Ben pun terdiam. Sama halnya dengan Mark yang mendengar jelas semuanya. Fakta bahwa Elea ternyata adalah istri Ben sudah cukup mengejutkan si asisten tersebut. Dan kini fakta lain tentang siapa Elea yang sebenarnya itu pun cukup membuat Mark terkejut.
Di waktu bersamaan Jane datang, dan langsung diminta oleh Ben untuk membawakan pakaian kering untuk Catherine. Jane patuh, lalu bergegas pergi.

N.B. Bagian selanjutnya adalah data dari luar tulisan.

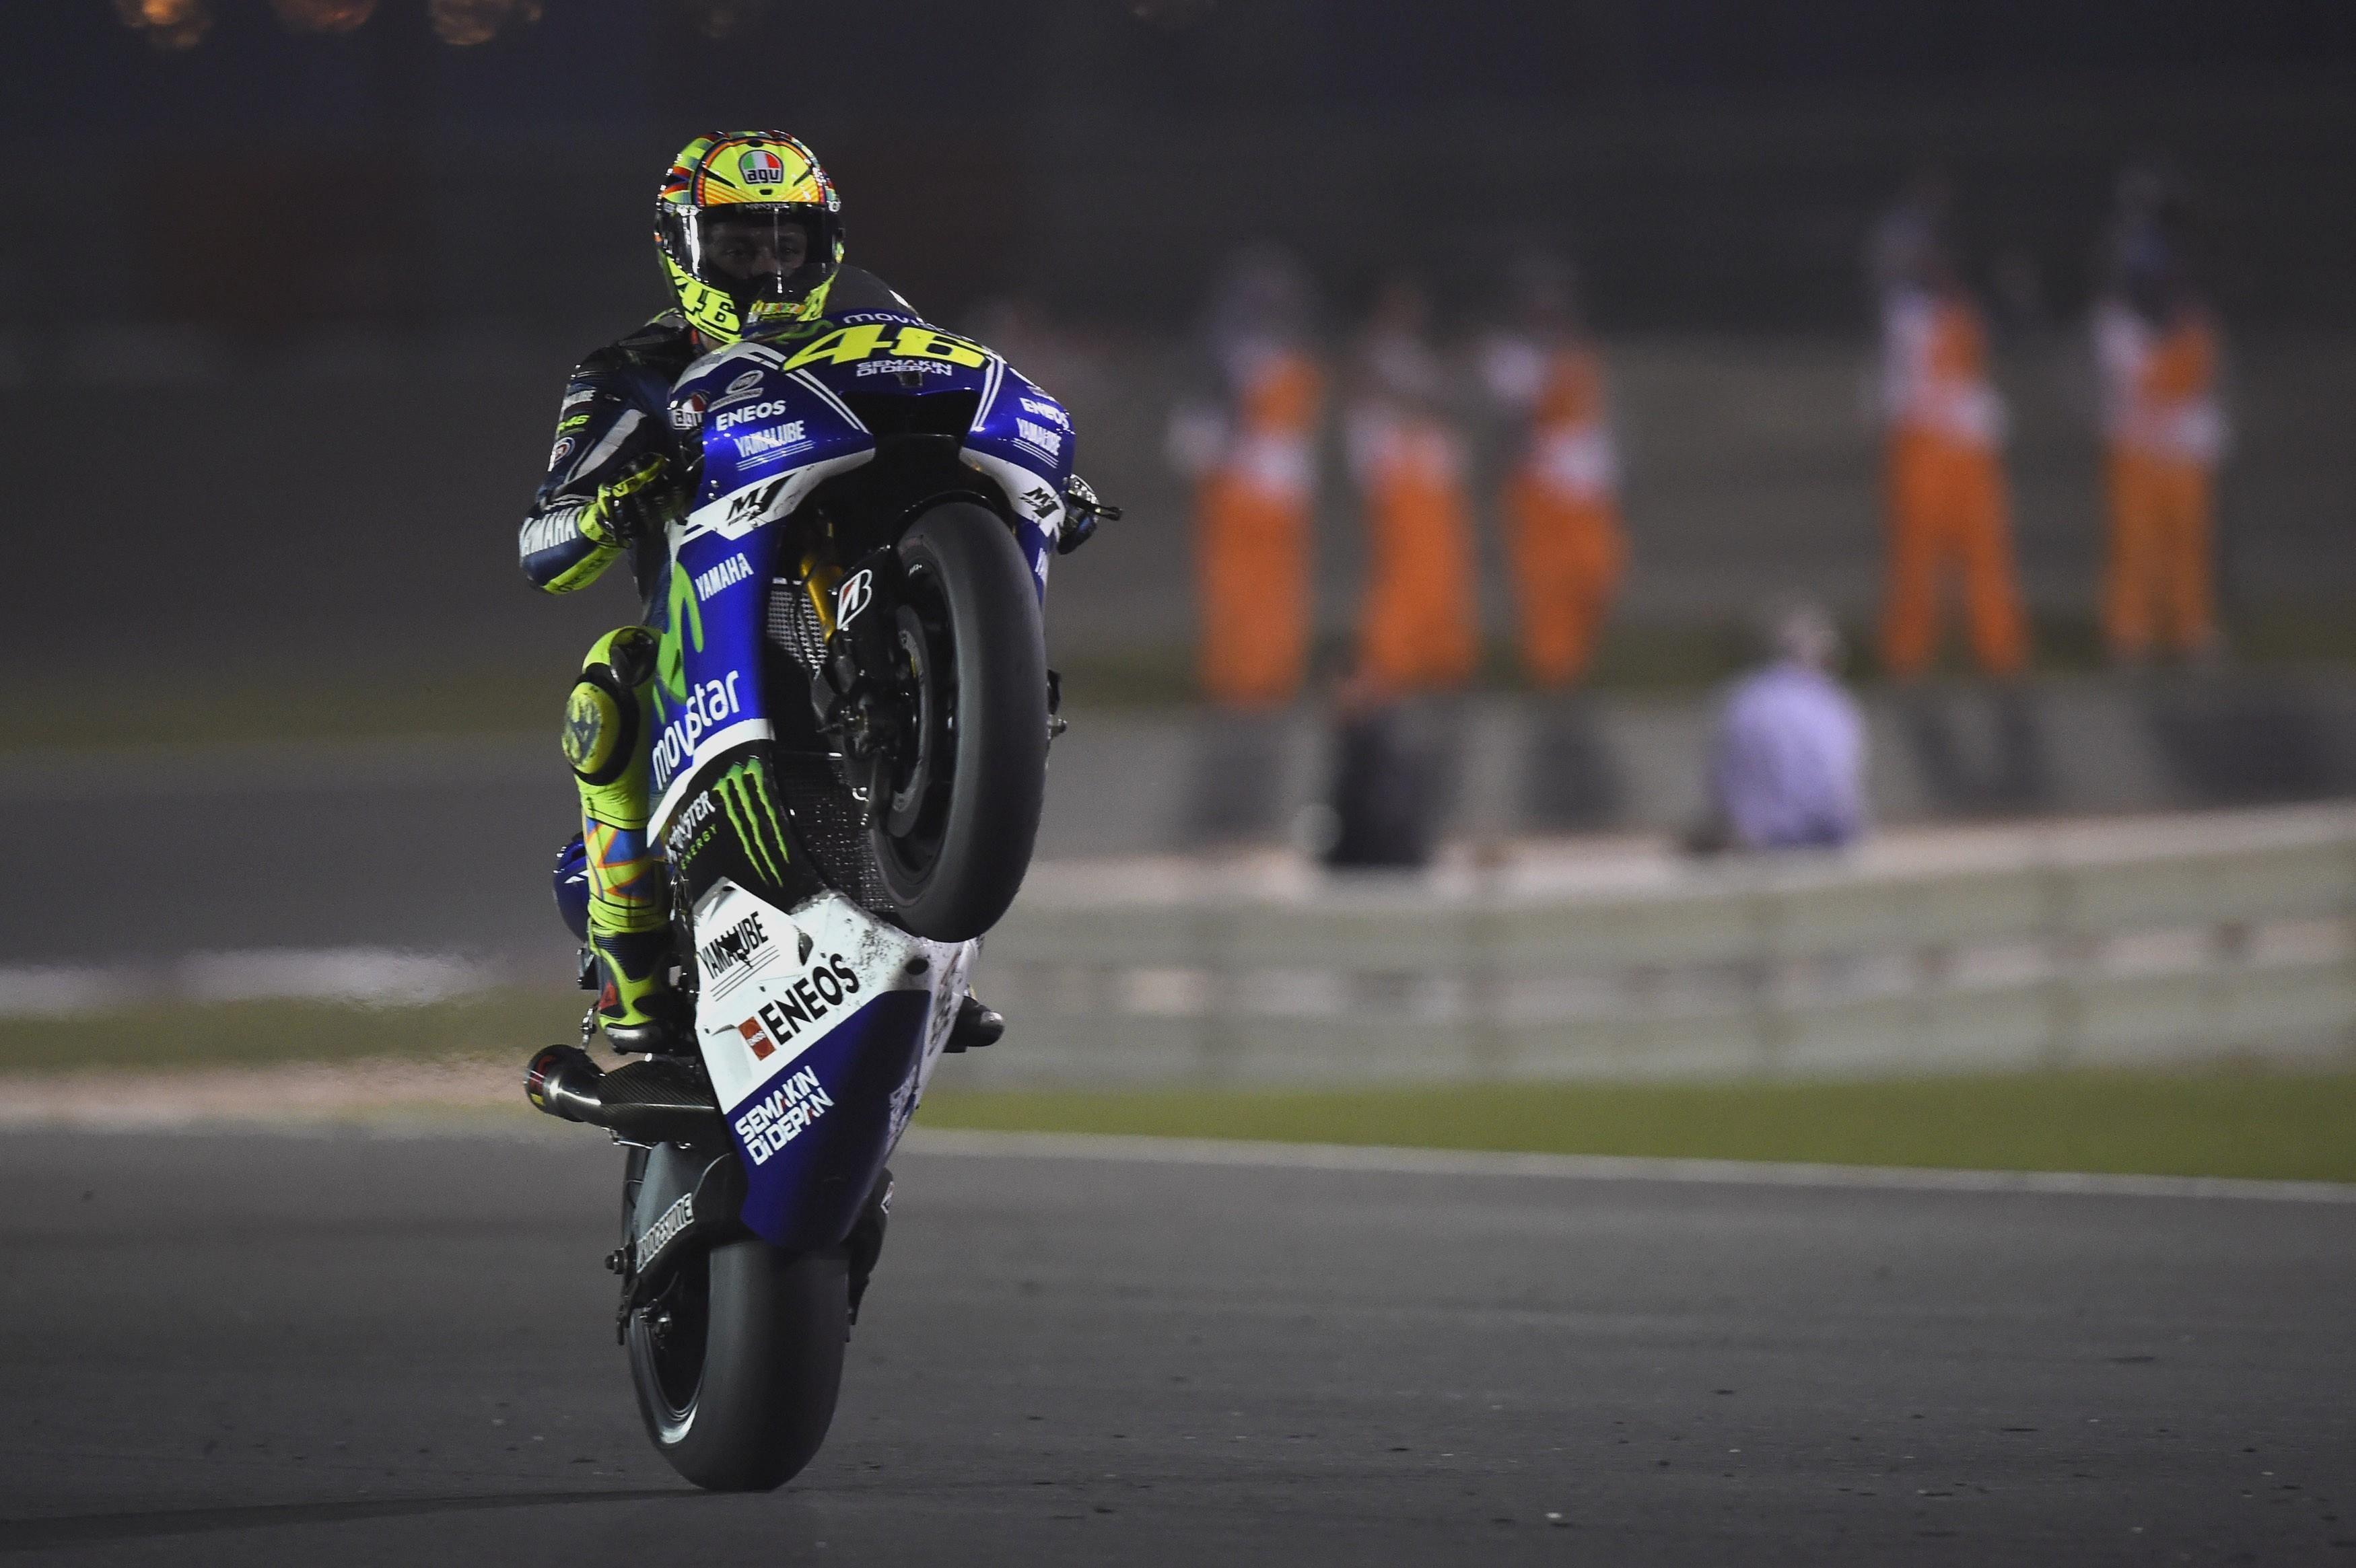 Wallpapers Valentino Rossi Group with 47 items.

Mark pamit ke apotik hendak menebus obat Elea. Namun sebelum itu, Mark terlebih dahulu membawakan pakaian ganti untuk Ben.
...
Ben mengajak Catherine berbincang di ruangannya. Sedangkan Elea masih belum sadarkan diri, dijaga penuh perhatian oleh Jane.
"Jujur aku sangat terkejut mendengar ini." Ben berkata sembari menaruh secangkir kopi panas ke meja, tepat di depan Catherine. Kepulan asapnya yang berbaur dengan aroma khas kopi itu merayu penciuman.
"Aku juga sangat terkejut mendengar jika Elea adalah istrimu. Kapan kalian menikah?" tanya Catherine mengangkat pandangan. Menatap kecewa pria tampan berlengan panjang t-shirt turtleneck yang menutupi lehernya itu.
Ben mengambil duduk di sofa sebelah kanan Catherine.
"Silahkan di minum. Kau kedinginan Nyonya Catherine. Kopi ini bisa menghangatkanmu."
__ADS_1
"Terimakasih." Catherine meraih kopi tersebut, menyesapnya sedikit demi sedikit. Menaruhnya kembali ketika ia sudah selesai.
"Sudah berapa lama kalian menikah?" tanya Catherine kembali dengan kalimat berbeda.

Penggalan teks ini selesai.